I can't comment much about the new movie The Social Network because I haven't yet seen it, but from reviews it sounds like the founder of Facebook, Mark Zuckerburg, took someone else's idea and muscled out a co-founder, fellow friend and financier in the process. Yet to many in today's generation that is merely good business. It made him billions right? There is no moral dilemma here when it involves making money, but to what end?

I think the issue for a lot of younger people hearing about morals and ethics is that they believe someone is preaching to them about religion. We live in a day and age where we can research anything we want to ourselves. We don't need someone pushing their ideals upon us. Who are they anyways? The role model becomes the one who is successful not the one who is condemning the one who is successful. They are just envious. They didn't have the drive themselves. In order to be successful we have to bend the rules a little, or a lot, and who's rules were they anyways? They were written ten years ago. We live in a different age and the Internet has changed everything. There are new rules. Oh wait, there aren't. They are the same rules, just shorter attention spans, and less desire to follow them.

I'm guilty of it. I blurred the line in my job before.

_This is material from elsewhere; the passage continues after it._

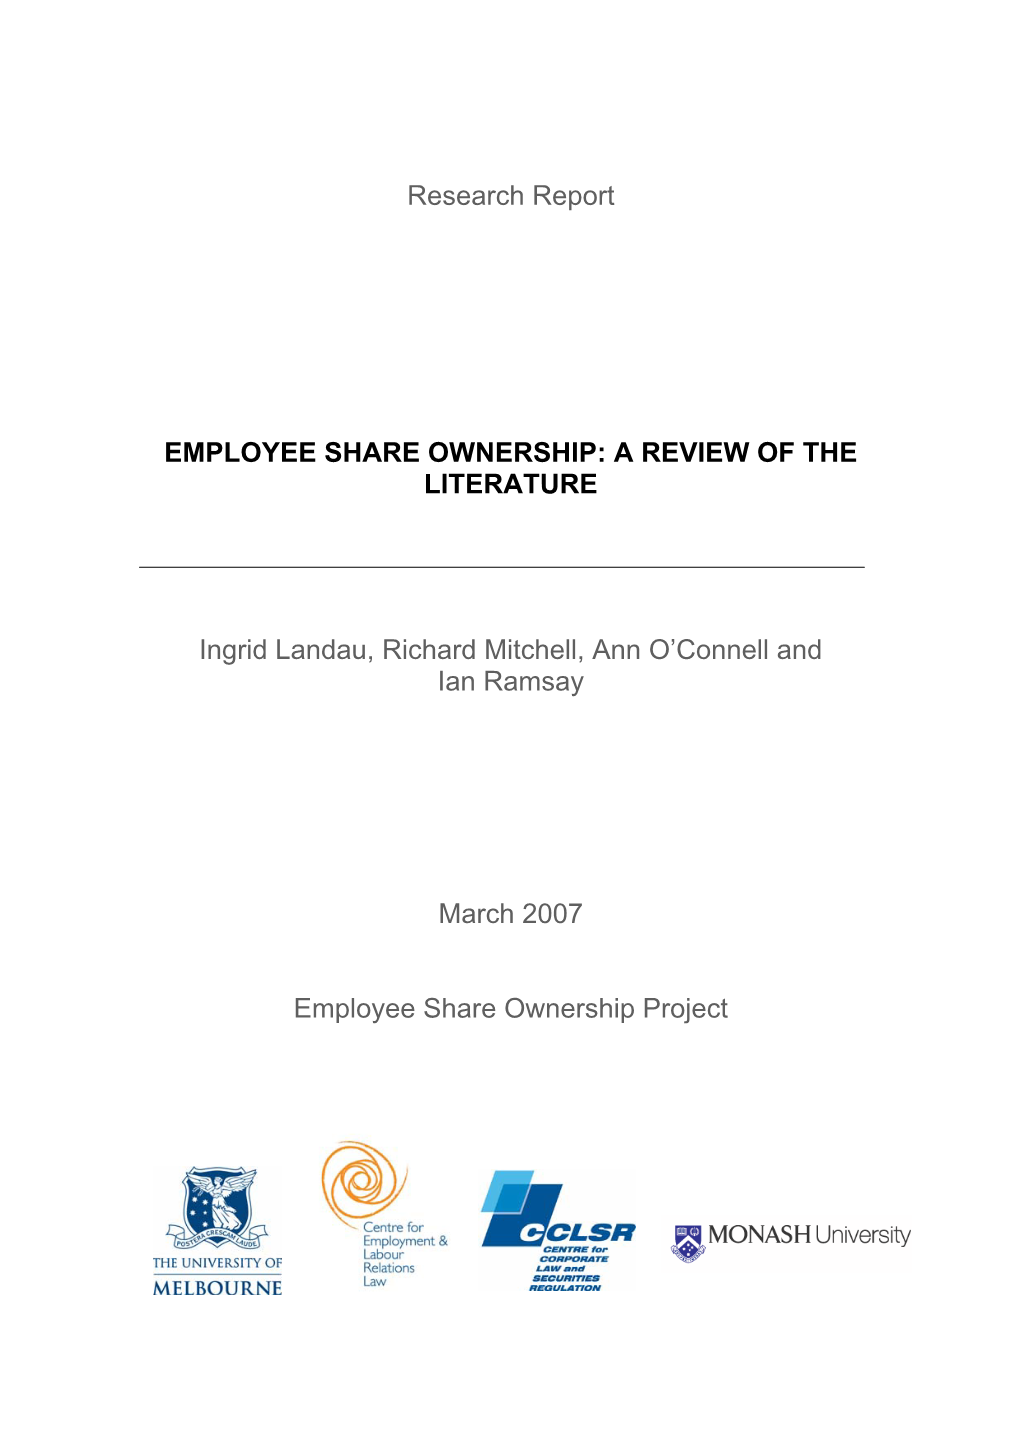 Employee Share Ownership: a Review of the Literature

I tight roped the line of ethical and unethical. I turned the black and white a beautiful shade of gray. There were days when I did things I wasn't proud of. I justified my decisions for doing so by the fact that everyone was doing it and more blatantly. I was "more" ethical and  still completely unethical. Yet in my mind I wasn't doing anything wrong. I justified it by comparing myself to someone that was far worse off. I can't be that bad...I didn't shoot anyone. We can push that boundary further and further out. If we know it's wrong, it's wrong. It doesn't matter how we spin it. But in life we have to do this sometimes right?

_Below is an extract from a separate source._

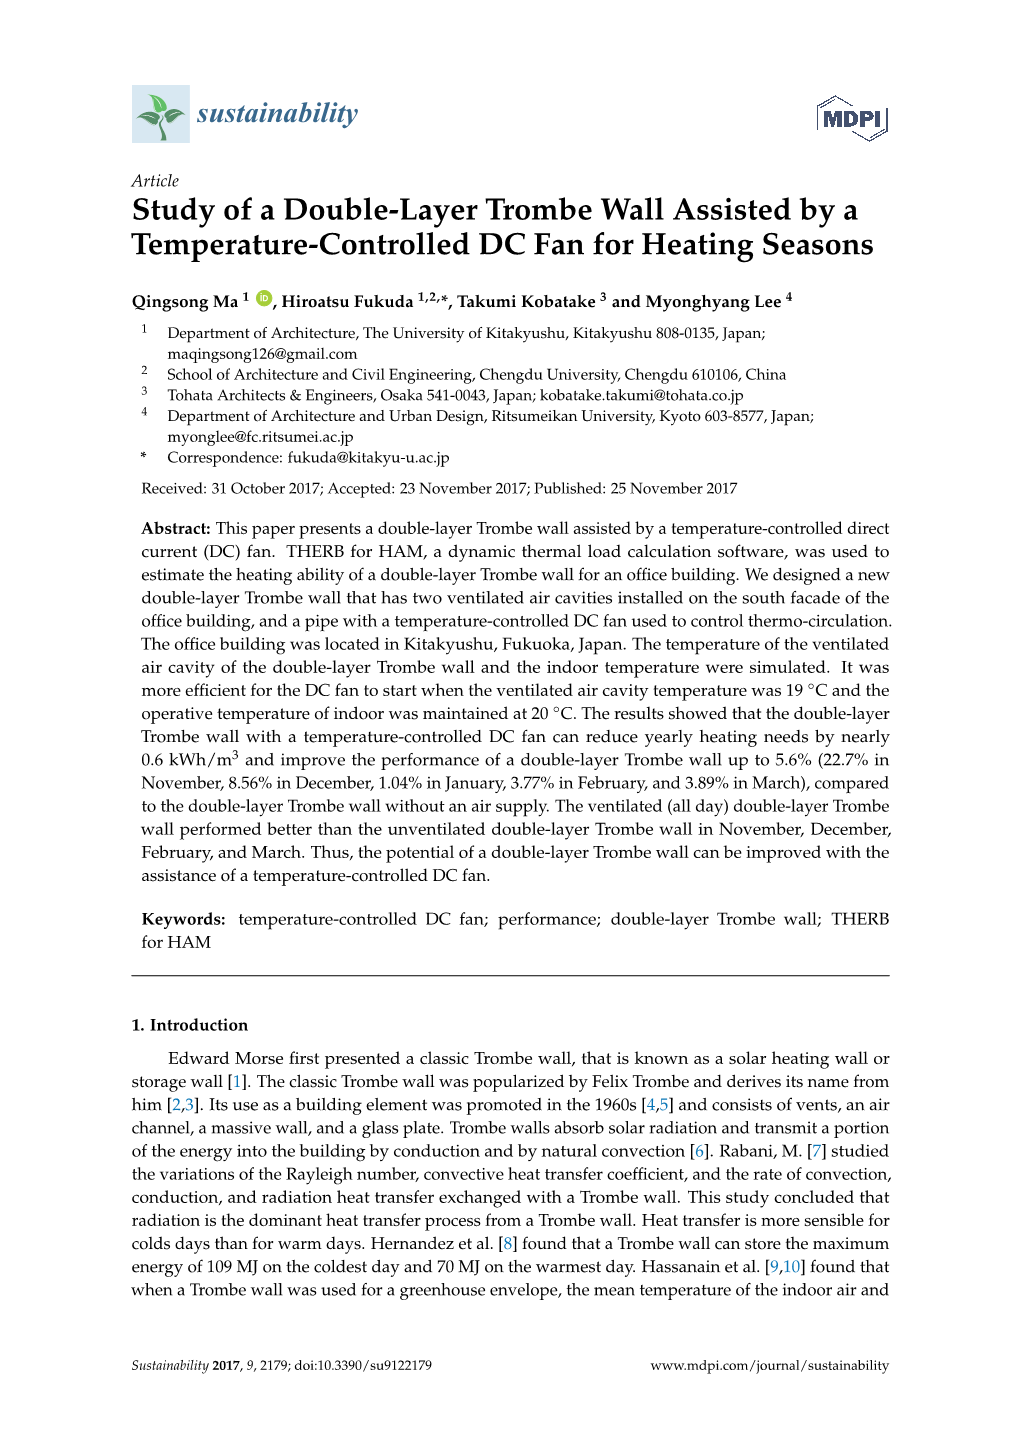 Study of a Double-Layer Trombe Wall Assisted by a Temperature-Controlled DC Fan for Heating Seasons

If anything this re-shifting of our economy should wake us up to the decisions that led to it. I worked in some industries that are responsible and saw this thing coming like a freight train in 2005. It was inevitable, but I needed a paycheck. I wasn't the culpable party because I was just an order taker. I didn't directly sell to anyone, but I knew it was dirty. It was like driving the car for a drug dealer. You know he's dealing, just because you aren't doesn't mean you aren't guilty too. A lot of smarter men then me should carry more of the guilt but they cashed out already. Maybe they wrote the new rules.